Oh man … you’ve seen this movie sequel a hundred times. The old gang, back together. A ragtag bunch of misfits having to reassemble for one last job. We open with our former fellowship scattered. Maybe Farage is working in some Chelsea chop shop, grafting halves of stolen vehicles together. (He’s already set this up with that amusingly elitist interview claiming he’s “skint”.)

Anyway, he’s just clocking a speedometer one day when the door is darkened by a familiar face: Arron Banks. They hold each other’s gaze for a long time – dammit, they went through so much together – before Banks tells him why he’s come. There’s a tantalising pause, then Farage gets back to fixing the speedo, muttering gruffly: “Maybe you didn’t hear – I don’t fight no referendums no more.”

Except he does, of course. It’s all he’s ever known. He’d be lost without it – indeed, as the past year has shown, Nigel Farage is absolutely lost. It’s been a long time since the gold lift picture. You can’t dine out for ever on dining out once with Trump.

By way of background, Farage has spent this year putting his shirt on Steve Bannon. (It’s why Bannon always wears two shirts.) He regarded the former White House chief strategist as the genius of the age, and consequently ended up not just backing the Republican Alabama senate candidate and slavery nostalgist Roy Moore, but sticking with his endorsement even when the allegations of underage sexual assault began to mount up.

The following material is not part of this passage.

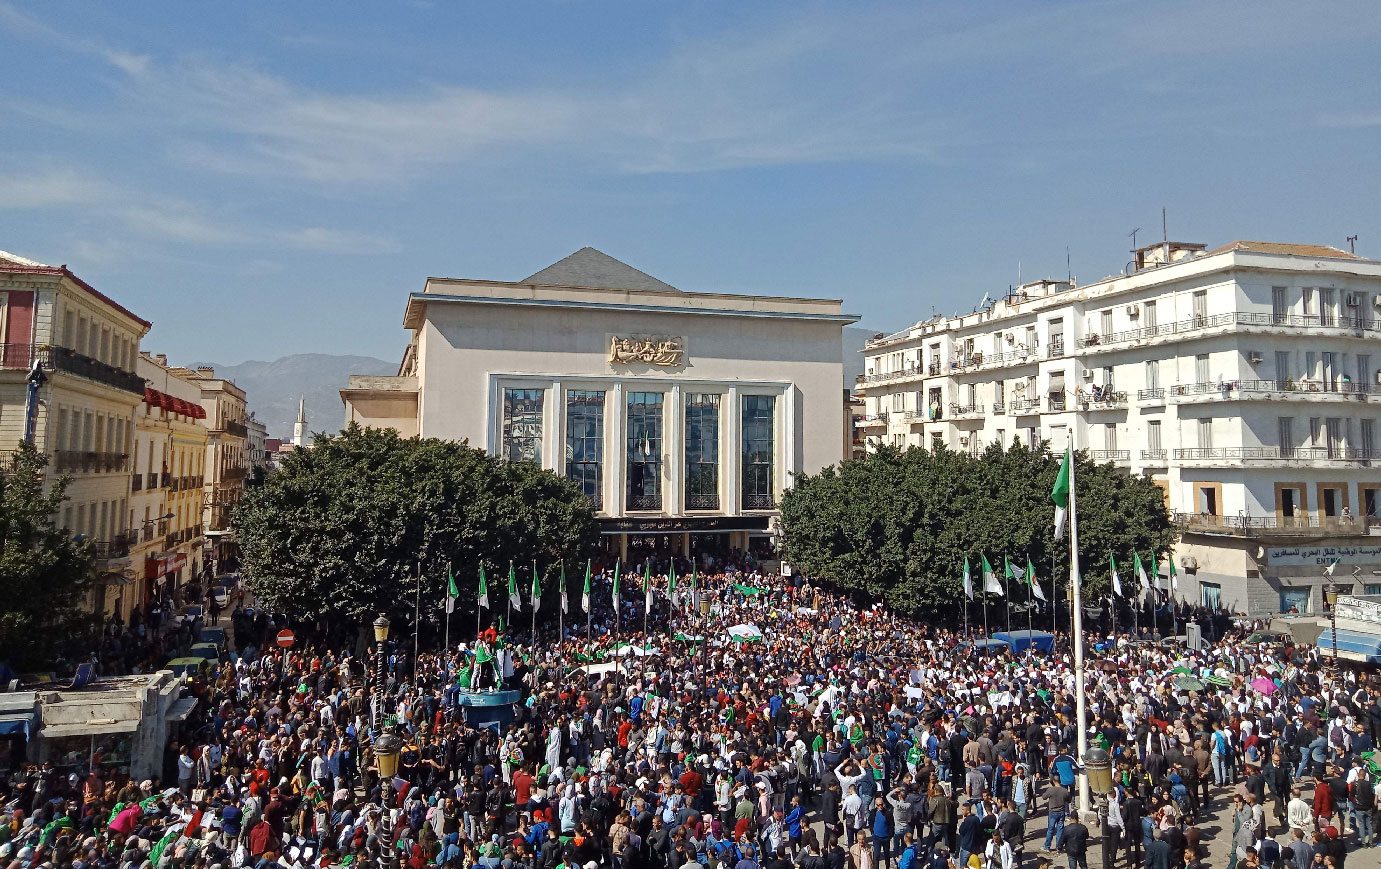 Algerians participate in a protest rally against their ailing president's bid for a fifth term in power, in the northeastern city of Annaba on March 5, 2019.

Nigel was hopelessly in thrall to Steve, and yearned to get some kind of American advancement out of it for himself.

And now? Not only has Bannon’s part in Michael Wolff’s book burned bridges with Farage’s beloved Trump, but on Tuesday his meteoric downfall forced him to resign from even Breitbart, the news website of which he was executive chairman. It will be zero coincidence that in the very week Bannon flames out, Farage suddenly pops back up over here, making the most naked of headline grabs.

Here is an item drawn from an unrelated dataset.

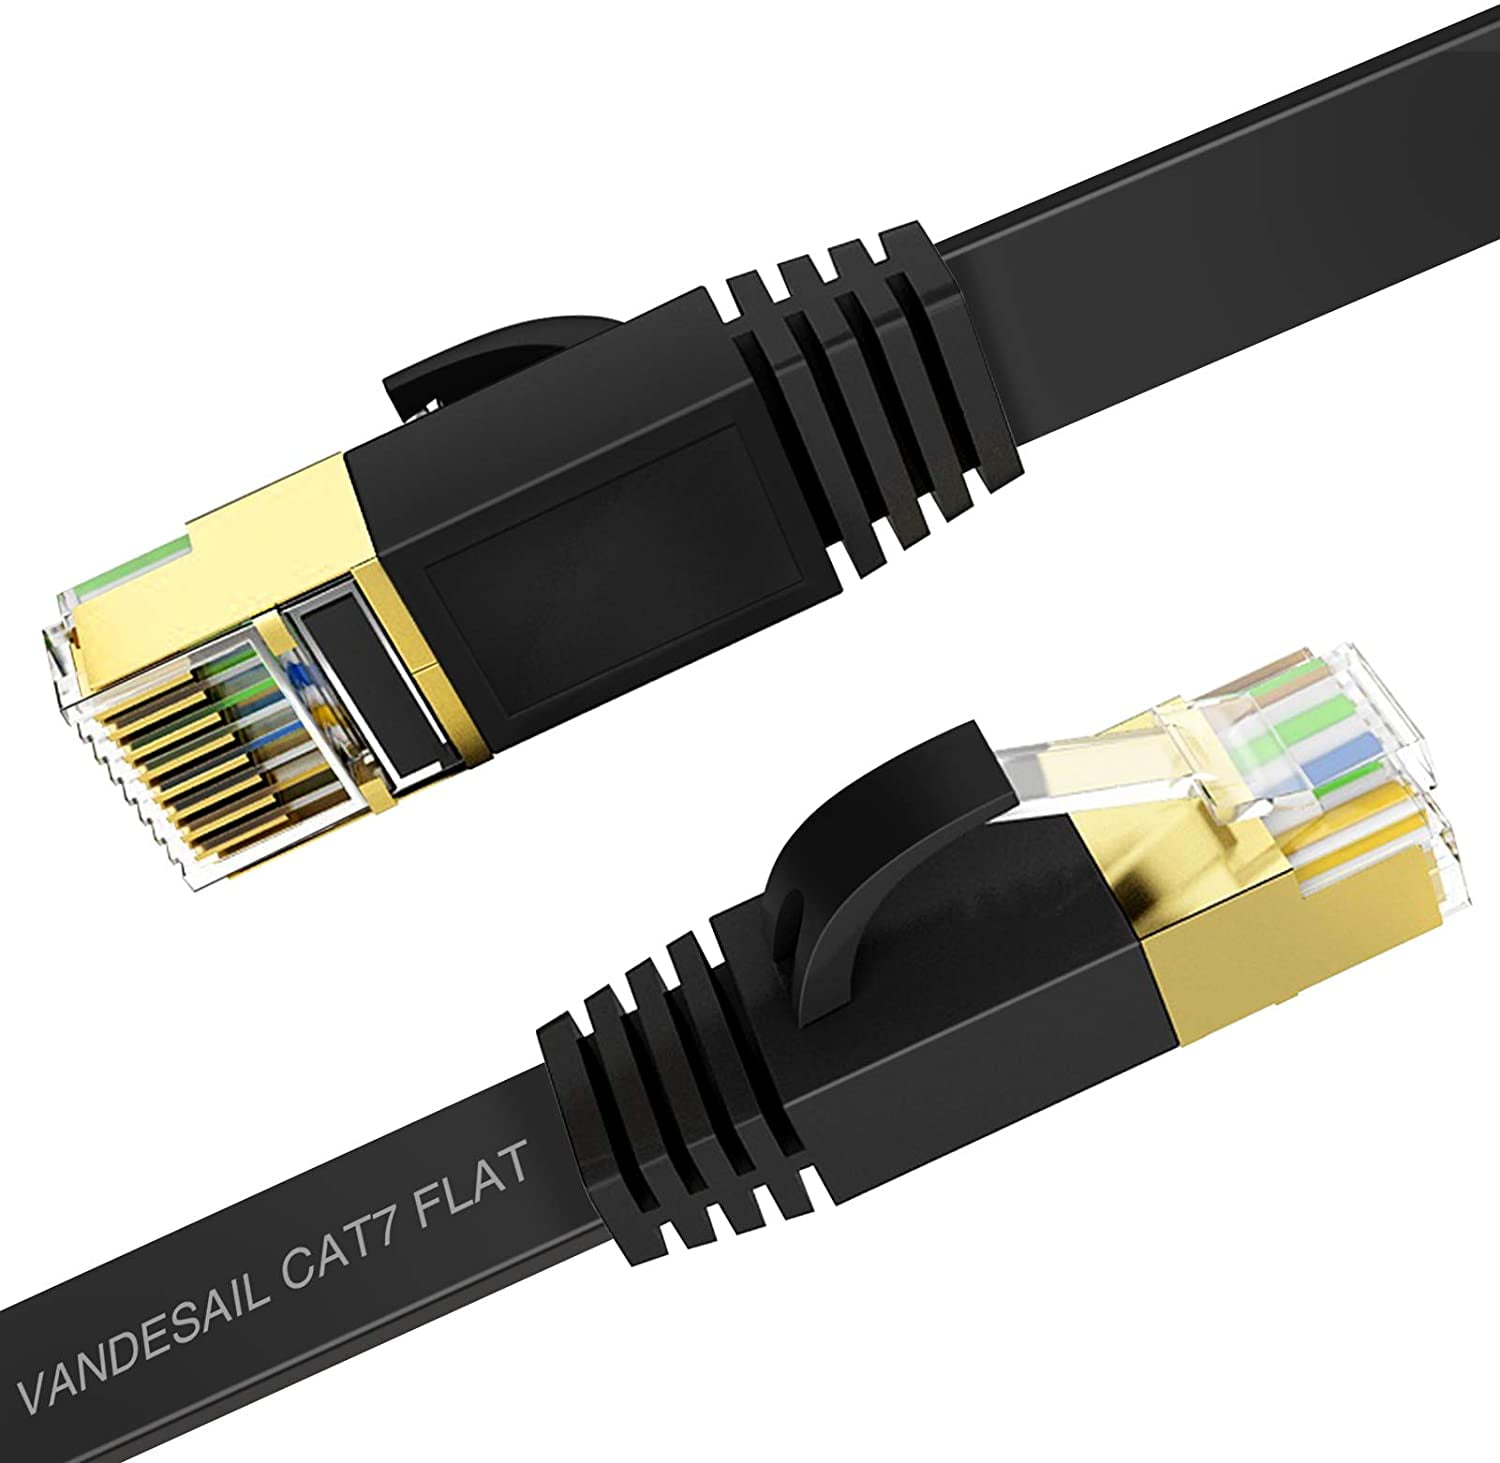 50FT S/FTP CAT 7 Gold Plated Shielded Ethernet RJ45 Copper Cable 10 Gigabit Ethernet Network Patch Cord Cat7 50ft, White

Quite rightly, this self-interested manoeuvring will be beyond many ordinary Brexiters, to whom Nigel had until now remained an unimpeachable hero. Indeed, Farage’s deceptively sudden call has left them feeling betrayed, with furious leavers deluging the web and the airwaves (including his own LBC show) to denounce his inexplicable weakness. What’s Nigel come back from the deep south as? Cuckleberry Finn?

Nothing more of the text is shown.